Class at Kanembwa Camp School in Tanzania's
Kibondo district. CWS supports the only post-primary education available
at refugee camps in the district.
Photo: Erol Kekic/CWS |
Welcoming the Stranger
Story by Carol Fouke-Mpoyo/CWS
Committed to welcome the stranger (Matthew 25:35), Church World Service has helped nearly half a million refugees from around the world begin new lives in the United States since the agency was founded in 1946.

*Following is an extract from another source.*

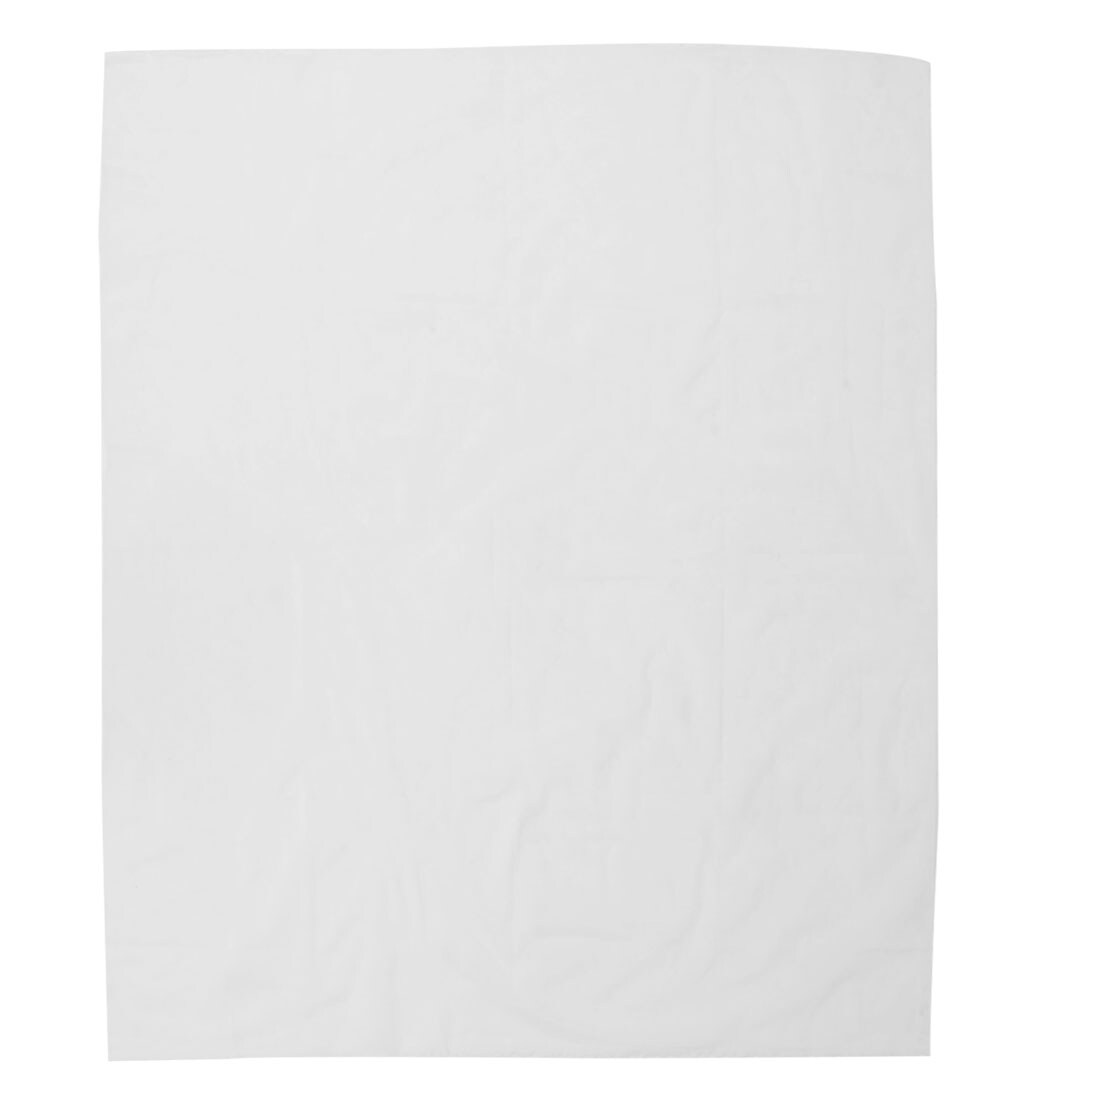 Soya Bean Strainer Cloth Flour Processing Nylon Filter 39.4" x 39.4" White

From the start, CWS also has urged the United States to be generous and fair in its assistance to people fleeing persecution and violence. And its concern for all refugees has led to a growing "Durable Solutions" program to help them live free, dignified, and productive lives, whether they spend long years in camp, eventually return home, or permanently resettle elsewhere.
U.S. refugee resettlement
From the beginning, Church World Service was involved deeply in refugee work. "There had been refugees in the past," wrote Ronald E. Stenning in his history of CWS's first 50 years, "but nothing to compare with the numbers of displaced persons and refugees during and following the years of World War II.

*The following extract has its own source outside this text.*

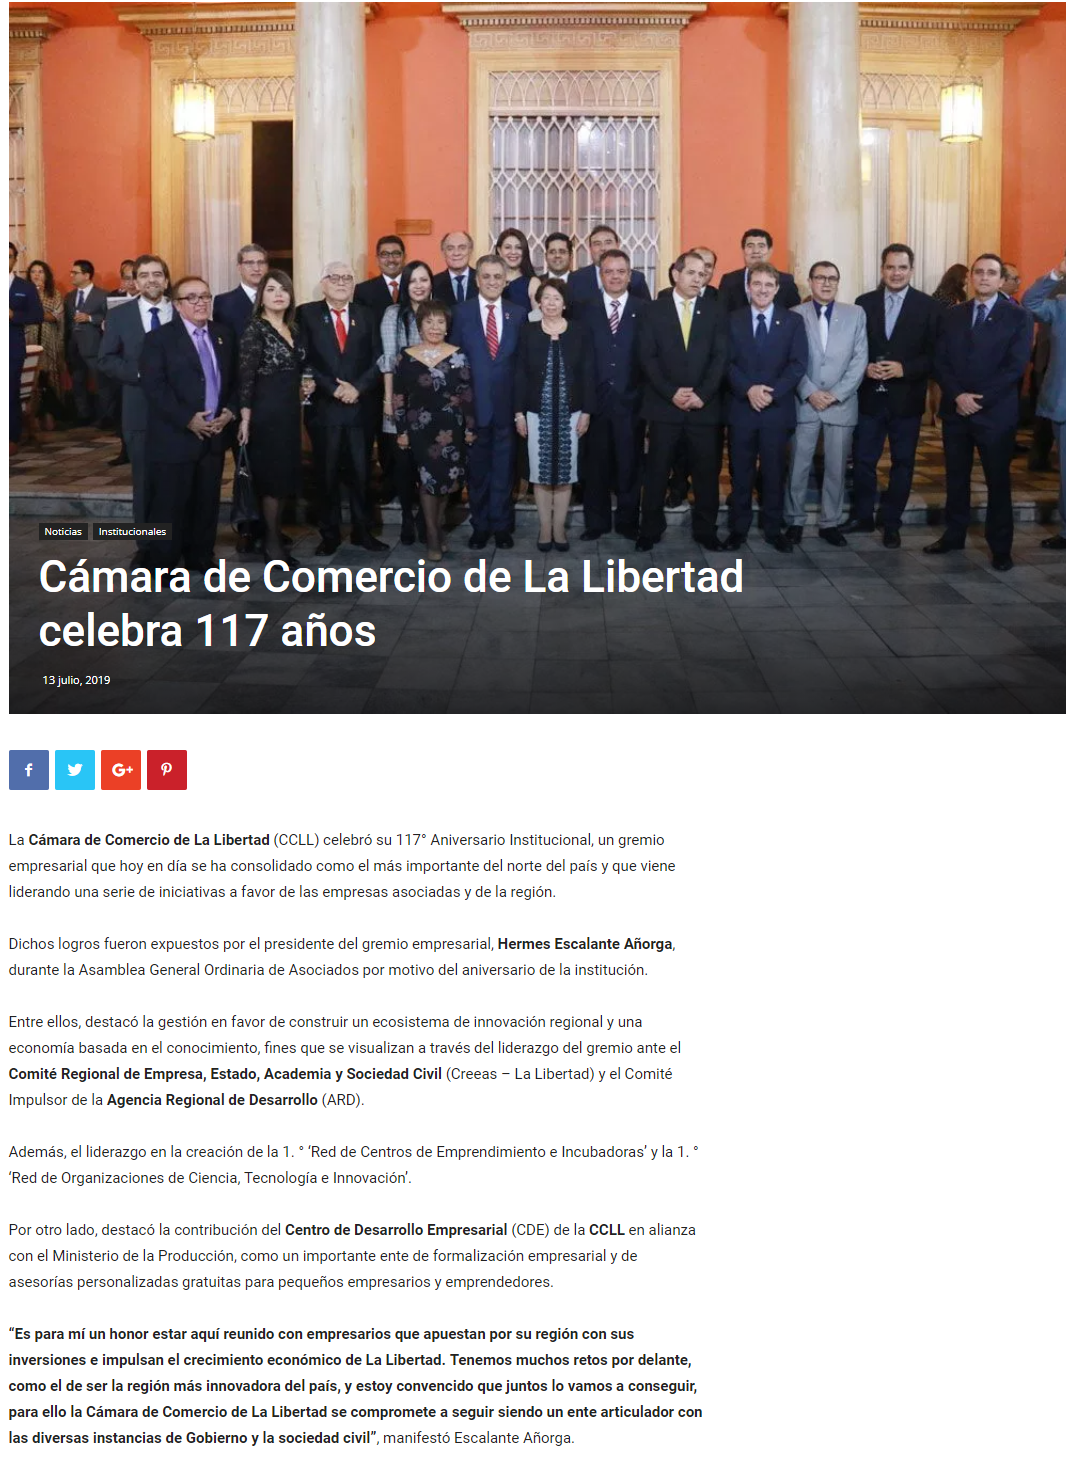 15.07.19.05 de Trujillo . com cámara de comercio de la libertad celebra 117 aniversario

"With the War Relief Service of the National Catholic Welfare Congress, CWS appealed to the Intergovernmental Commission for Refugees for a far more expansive resettlement policy... that would use voluntary agencies for resettlement of refugees," he reported.
In 1946 and 1947, Church World Service resettled almost 2,500 refugees across the United States, working with participating denominations to provide congregational sponsors for new arrivals. Arrival numbers grew rapidly; in 1949, CWS brought 7,563 refugees to the United States.
That experience laid the groundwork for CWS's response to future waves of refugees, among them Indochinese, Cubans, Somali Bantu, Sudanese, Meskhetian Turks, and now ethnic Karen and Chin from Burma.
Along the way, Church World Service helped shape such milestone U.S.
policies as the 1948 Displaced Persons Act and the 1980 Refugee Act,
which established a comprehensive policy for refugee admissions into
the United States and created a domestic policy of refugee assistance
that was the same for all groups
of refugees.
Today, Church World Service resettles about 8,000 refugees and entrants each year through a network of local affiliate agencies in 24 states, and has helped develop that network's capacity to help resettled refugees with such immigration legal services as citizenship applications. Denominational support and congregational cosponsors are as important as ever, helping refugee newcomers get established in their new communities.
In 1990, CWS entered into a cooperative agreement with the U.S. State Department to prescreen refugees in sub-Saharan Africa for possible resettlement in the United States by CWS and nine other agencies. Today, its offices in Nairobi, Kenya, and Accra, Ghana, prescreen and process cases for more than 25,000 refugees a year.
Former refugees helping new ones
In the tradition of immigrant America, former refugees whom CWS helped resettle in the United States over the decades have themselves helped "welcome the stranger."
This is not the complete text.